Nigeria is currently experiencing a surge in ethnic animosity fuelled by the sectarian violence, which the central government has been incapable of quelling. President Goodluck Jonathan recently described the present situation as "worse than during the [1967-70] civil war". In January, Nigerian Nobel laureate Wole Soyinka said that Nigeria is "already progressing towards a defacto break up."

Nigeria is the result of a 1914 British colonial decision to lump together more than 250 ethnic groups, differing in culture and social structure. In 1967, the eastern part of the country, dominated by the Igbo ethnic group, announced secession under then Colonel Ojukwu after a pogrom of Igbos living in the north. But the central government eventually battled the breakaway republic into submission at the cost of more than 1 million lives.

That laid to rest any ideas of dividing Nigeria at the time, but today a growing number of voices are saying that a breakup would be the best solution for the people living in its territory. "What's the point of keeping the country together when it is clearly not working?
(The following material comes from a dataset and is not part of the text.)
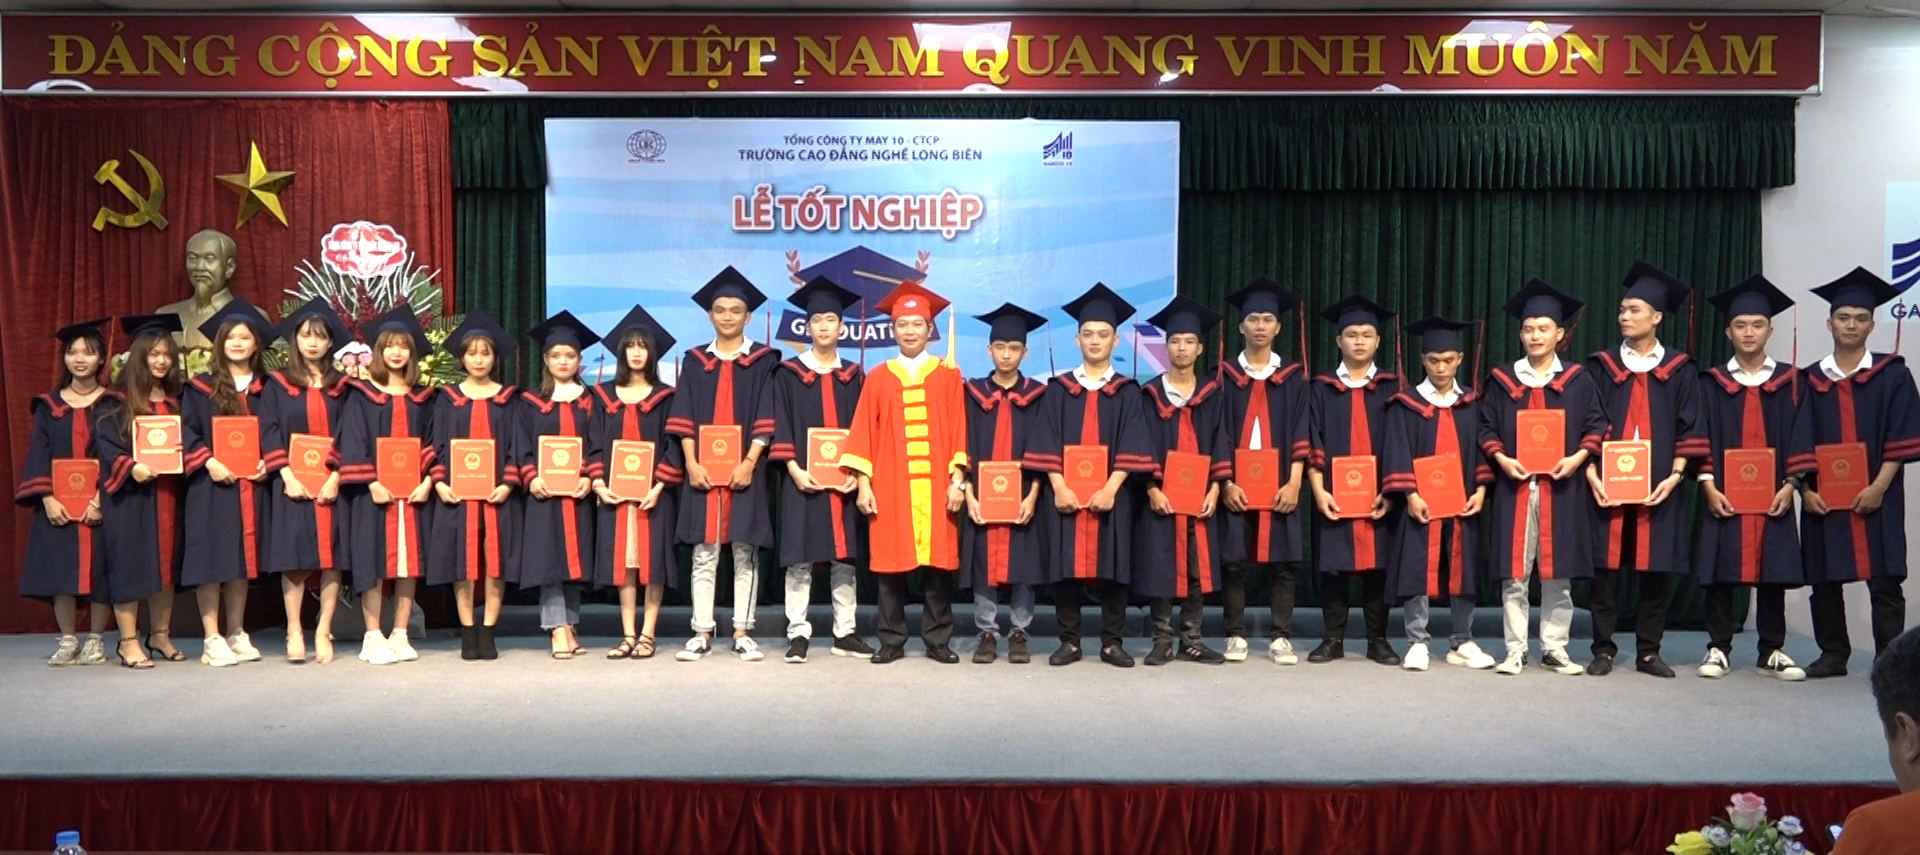 Cao đẳng nghề Long Biên trao bằng tốt nghiệp cho sinh viên khóa 43 và 44
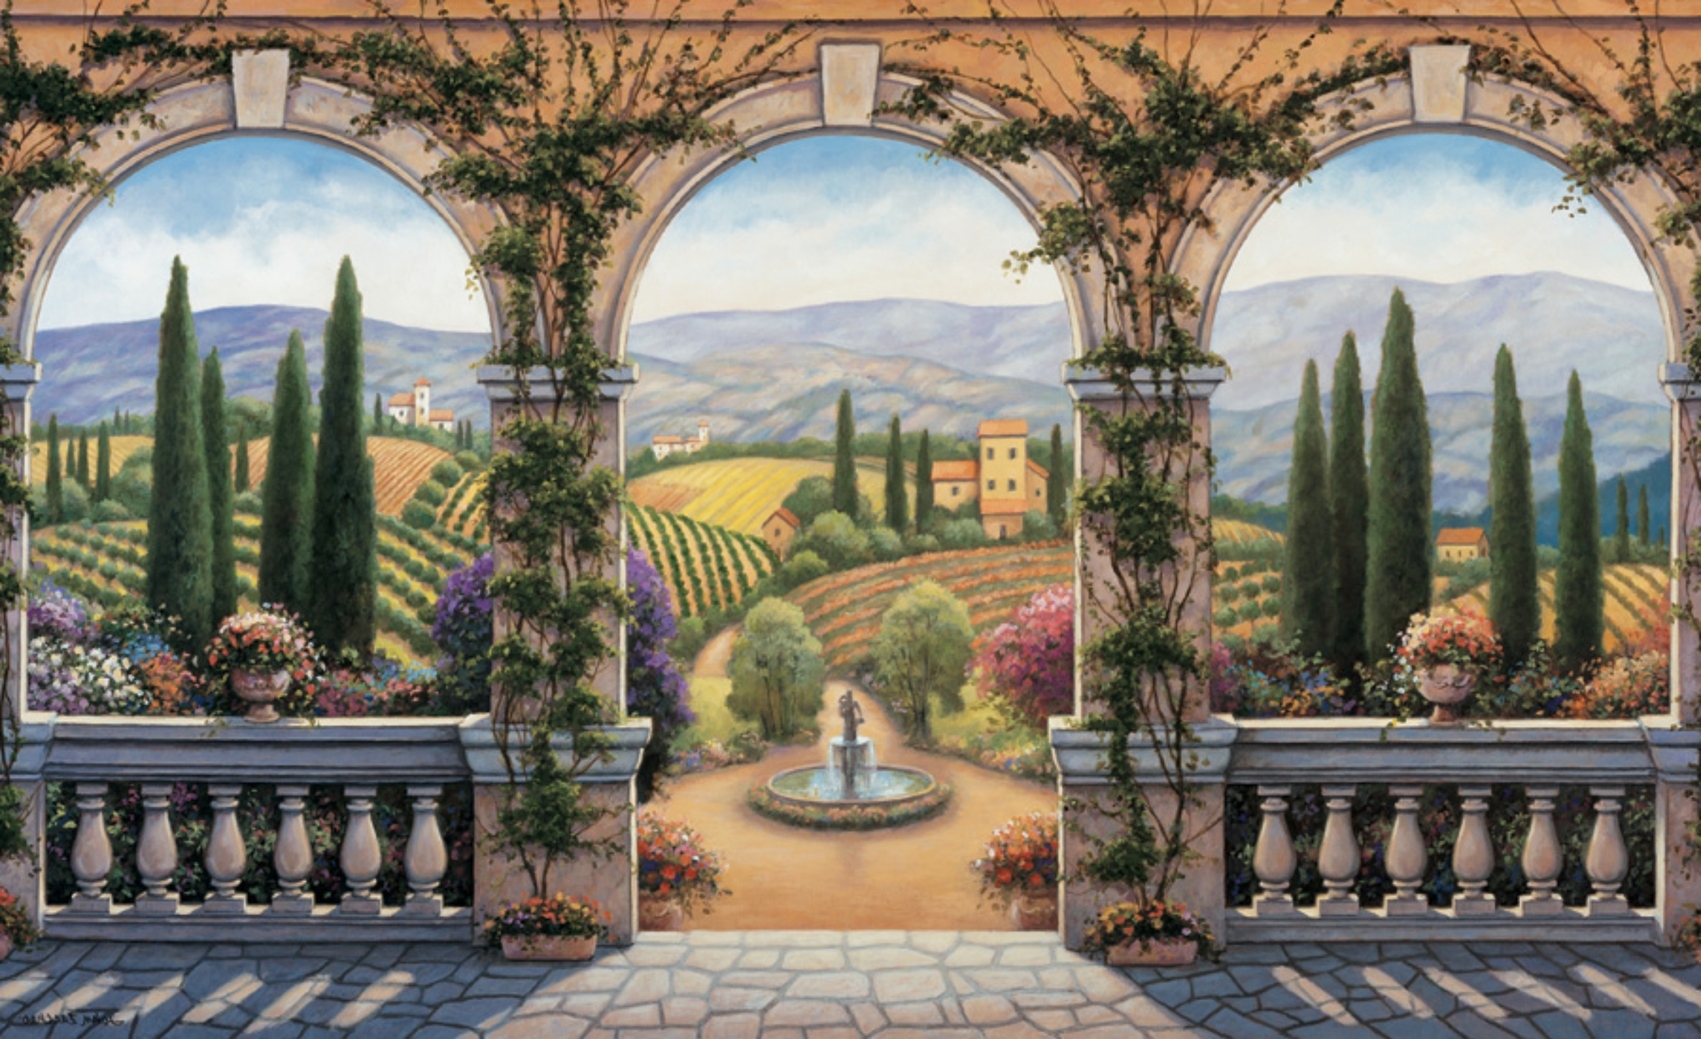 Italian Courtyard Painting Italian Garden Area Pinterest Italian

Only the northern elites wants one Nigeria, and that's because their region lacks natural resources while there is plenty of oil in the south," a friend of mine from the south told me recently.

"If Yugoslavia and Sudan could break up, then why can't we?" he added.

Many Nigerians from the south feel the north, where education levels are much lower, brings precious little to the nation's table in terms of resources and human capital, yet its elites consume a huge chunk of the national budget due to their political influence.

Why not engineer a peaceful breakup and let new nations build more functional political entities with rulers who share the same values as their citizens? It sounds simple enough.

But on reflection, the belief of a breakup improving things is based on false premises. The first of these is that there is a viable configuration under which Nigeria could split today in a peaceful manner. In reality, a simple north-south divide or even a north-east-west divide simply won't fly.

In the winner-takes-all mentality that pervades modern-day Nigerian society, no ethnic group will want to accept the role of "second fiddle" in a new entity: we would be talking of at least six, maybe even 10 new countries. How many would be able to survive? Are conflicts between them not inevitable, such as between Ethiopia and Eritrea? The post-Yugoslavian states could count on the EU for help. Post-Nigerian states would have no such luxury.

Secondly, the idea of unity even within the same ethnic group is overly idealistic. There are sub-groups and sub-groups of sub-groups within each of Nigeria's tribes. Take away a common enemy to unite them and chaos could ensue.

There would also likely be a battle for control of the oil, which is mostly located in the southern Niger Delta region. This could spark a long-lasting Congo-like conflict.

Nigeria's political scene today is controlled by men commonly referred to as "godfathers," a handful of rich and powerful figures who hand-pick candidates for all the significant political offices in the country, ensuring their victory through bribes, threats and, if necessary, murder.

When their "boy," as such a protege is called, gets into office, he repays his godfather for the "investment" made in him through bogus contracts and a host of other means. He is also obliged to turn a blind eye to any criminal activity that his godfather, or those he protects, might commit.

This system functions in all areas of Nigeria – north and south alike. So what would the creation of new countries change? Secession will not alter the situation of the average Nigerian.

Fingering religious or ethnic differences as the root of Nigeria's problems oversimplifies the situation. The most immediate problem is the godfathers' stranglehold on power. The people of Nigeria will not know freedom until they can unite against this menance and the corruption it brings, much as they did in forcing the British colonialists to relinquish power five decades ago.

Otherwise the outcome of a breakup would simply be smaller, weaker nations governed by systems no less corrupt and dysfunctional than today.